Corporate Hunger Games

In The Hunger Games series the overlords keep rule over the people by conducting an annual battle to the death between adolescent representatives from each of the 12 districts of Panem.  The Hunger Games are battles designed to lethally weed out the weak and reward the winner with eternal glory.  The organisers manipulate the game so that any attempt to forge alliances is punished and blood-thirsty competition is encouraged.  Does this environment bring out the best in people?  It certainly focuses the mind on what it takes to survive but at the cost of everyone else.  It seems that in the corporate world we have adopted a similar philosophy and baked it into our performance management systems.

I was in Africa recently helping a client with their people driven transformation.  The subject of performance management came up.  They told me that the culture in Africa is centred around relationships and African people are quick to become good friends with their colleagues.  The adoption of western performance management techniques of force ranking to a bell curve, giving tough feedback and managing out the bottom performers is at odd to their values yet African companies face pressure into adopting such practices since this is what is taught in Business Schools and deemed to be best practice.  

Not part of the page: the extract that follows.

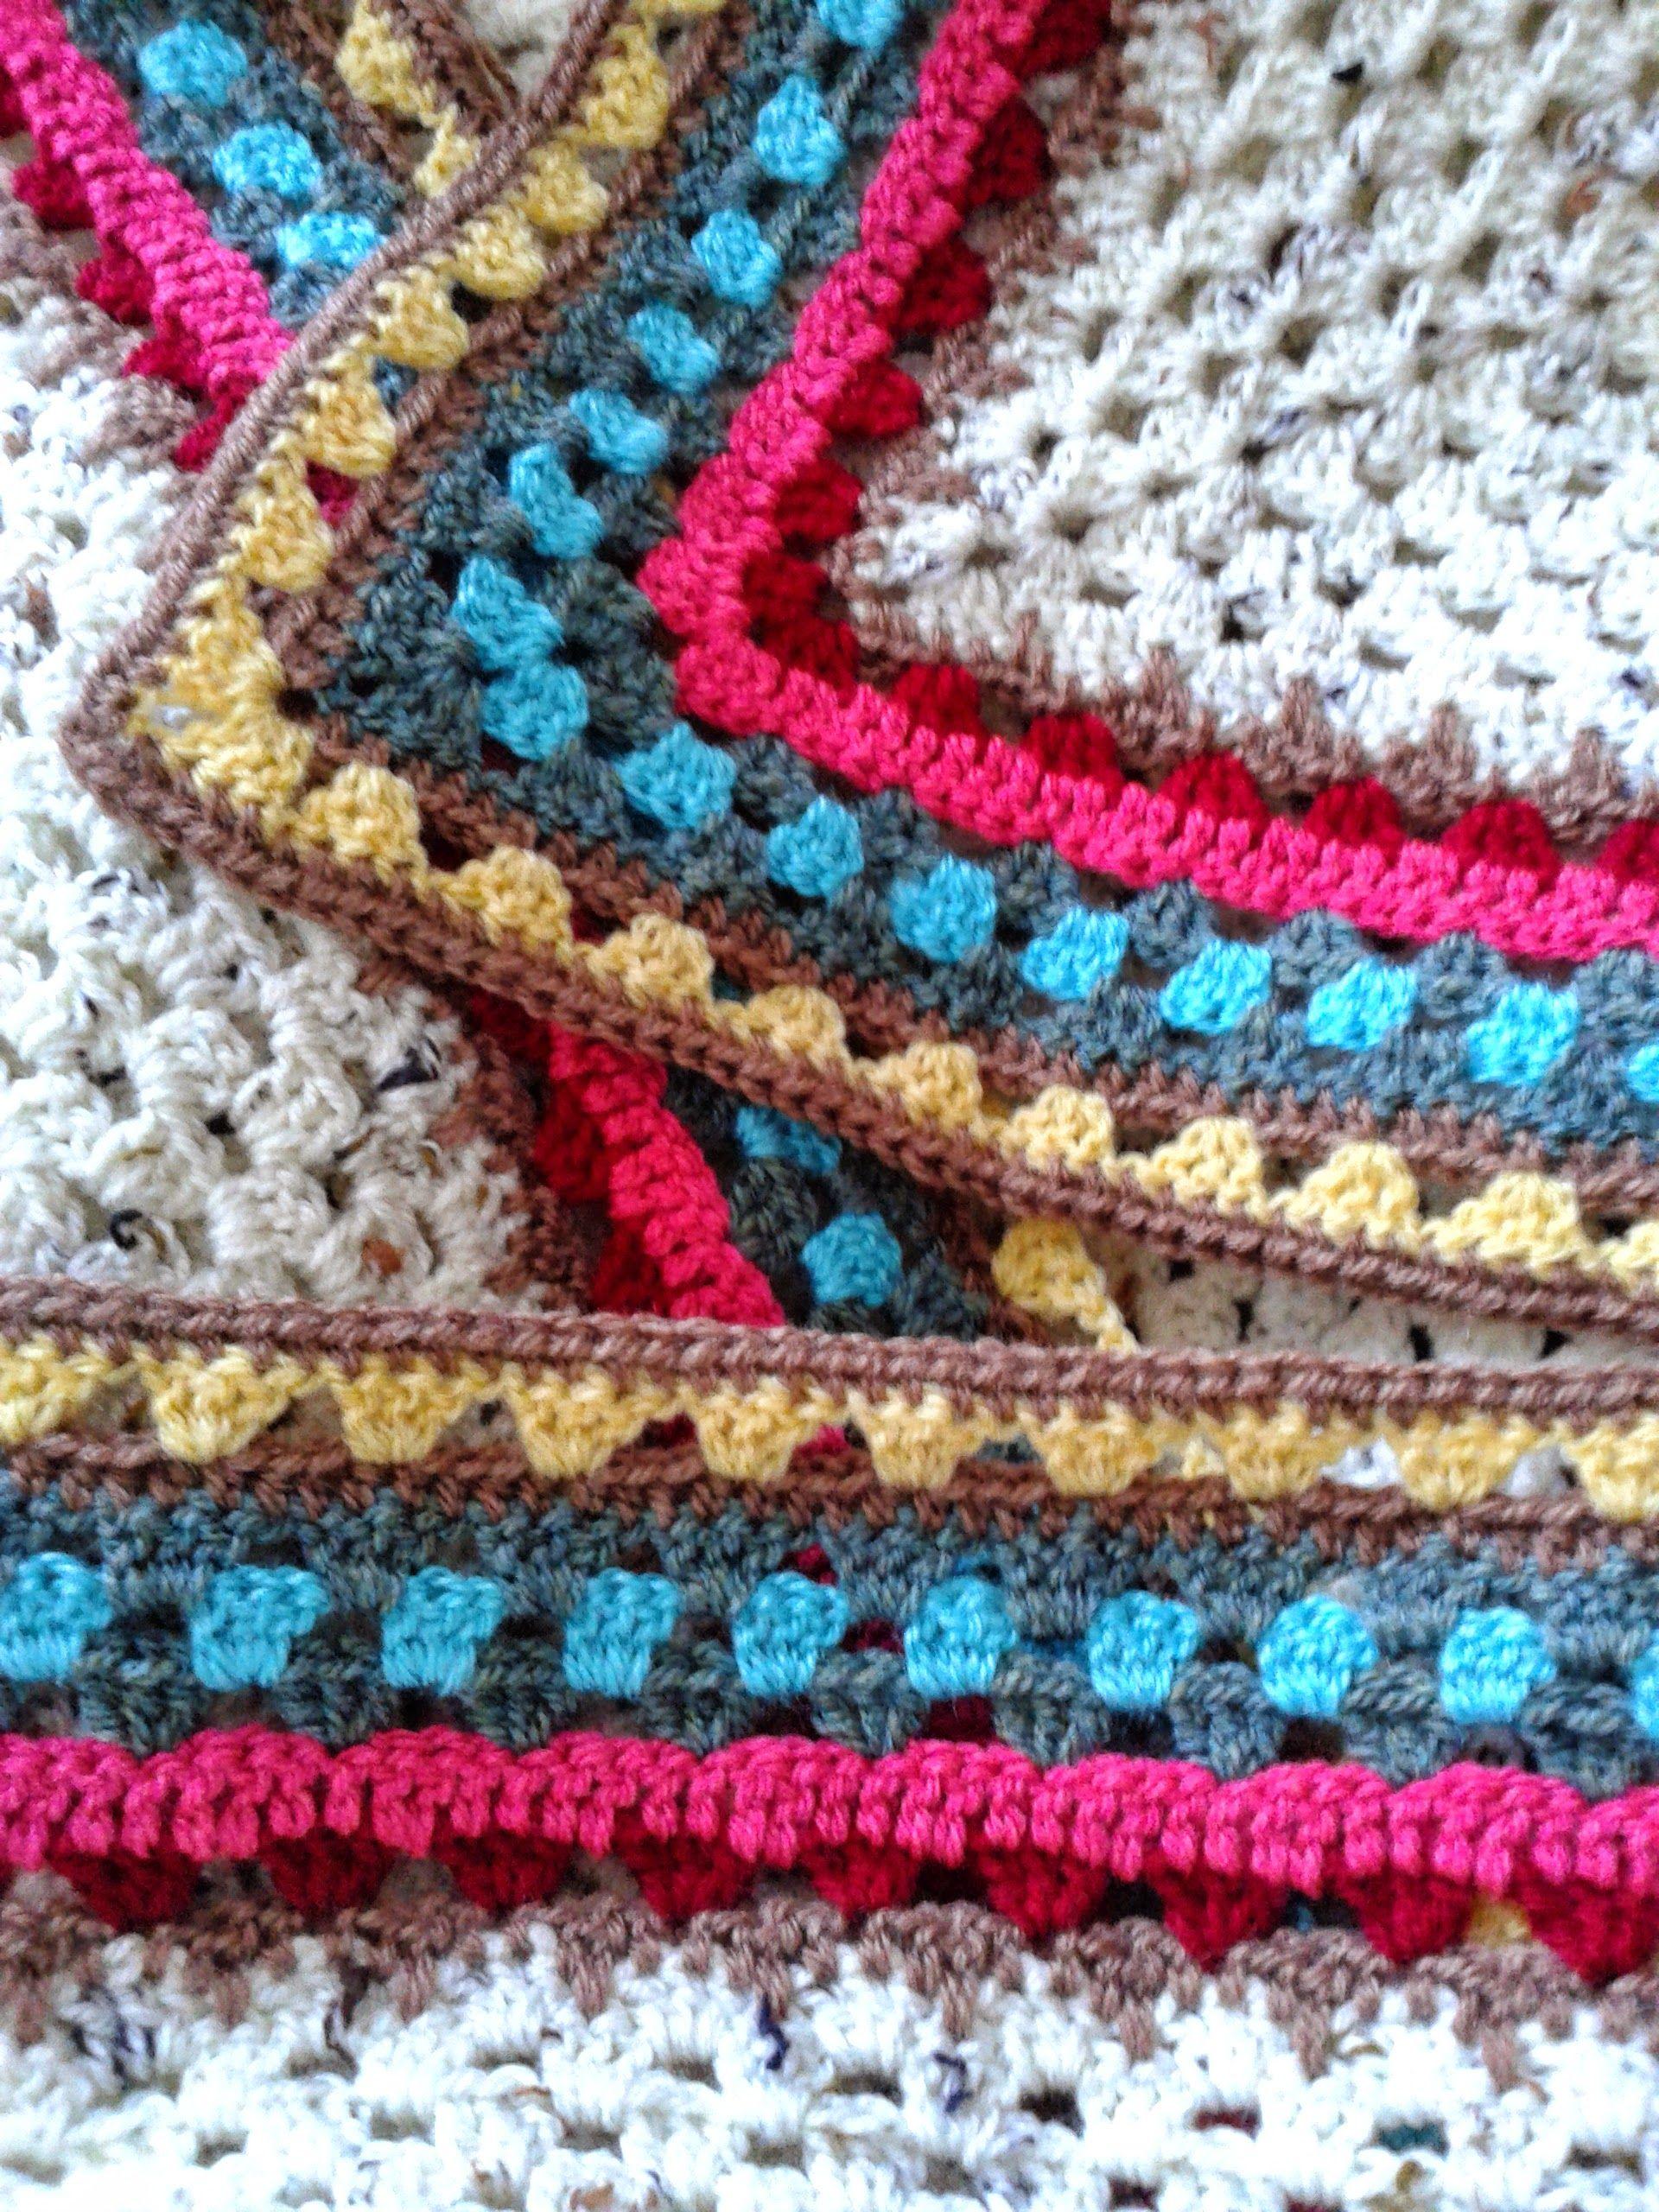 011 Red Spiral Crocheted Cushion   Bavarian crochet, Spiral crochet ...

I am all for objective setting as it provides alignment and when used well gives a clear sense of priority.  It allows employees to see how their work fits into the overall purpose of the company. However I do not see individual objective setting as an effective mechanism for driving performance.  In fact I would argue that current practices are counter-productive.  If an employee knows there is a finite number of ratings at each appraisal rating level and there is a fixed bonus pool that will be allocated out based on each rating then they are less not more likely to collaborate for success.  Just like the participants in the Hunger Games someone else’s loss is their gain.

The highest performing teams are typically in sport or the military where teams win or lose collectively and there is far less emphasis on individual performance management.  It is time for corporates to start to rethink how to get the best from their employees collectively.  Leaders need to stop thinking like 19th Century industrialists assuming that workers will try and do as little as possible and start to create environments where everyone can do their best work.

And to my new friends in Africa I would suggest that you should stop trying to emulate Western practices and develop a performance management system that celebrates the African relationships that are at the heart of your culture and not destroy them. Then we can all learn from you.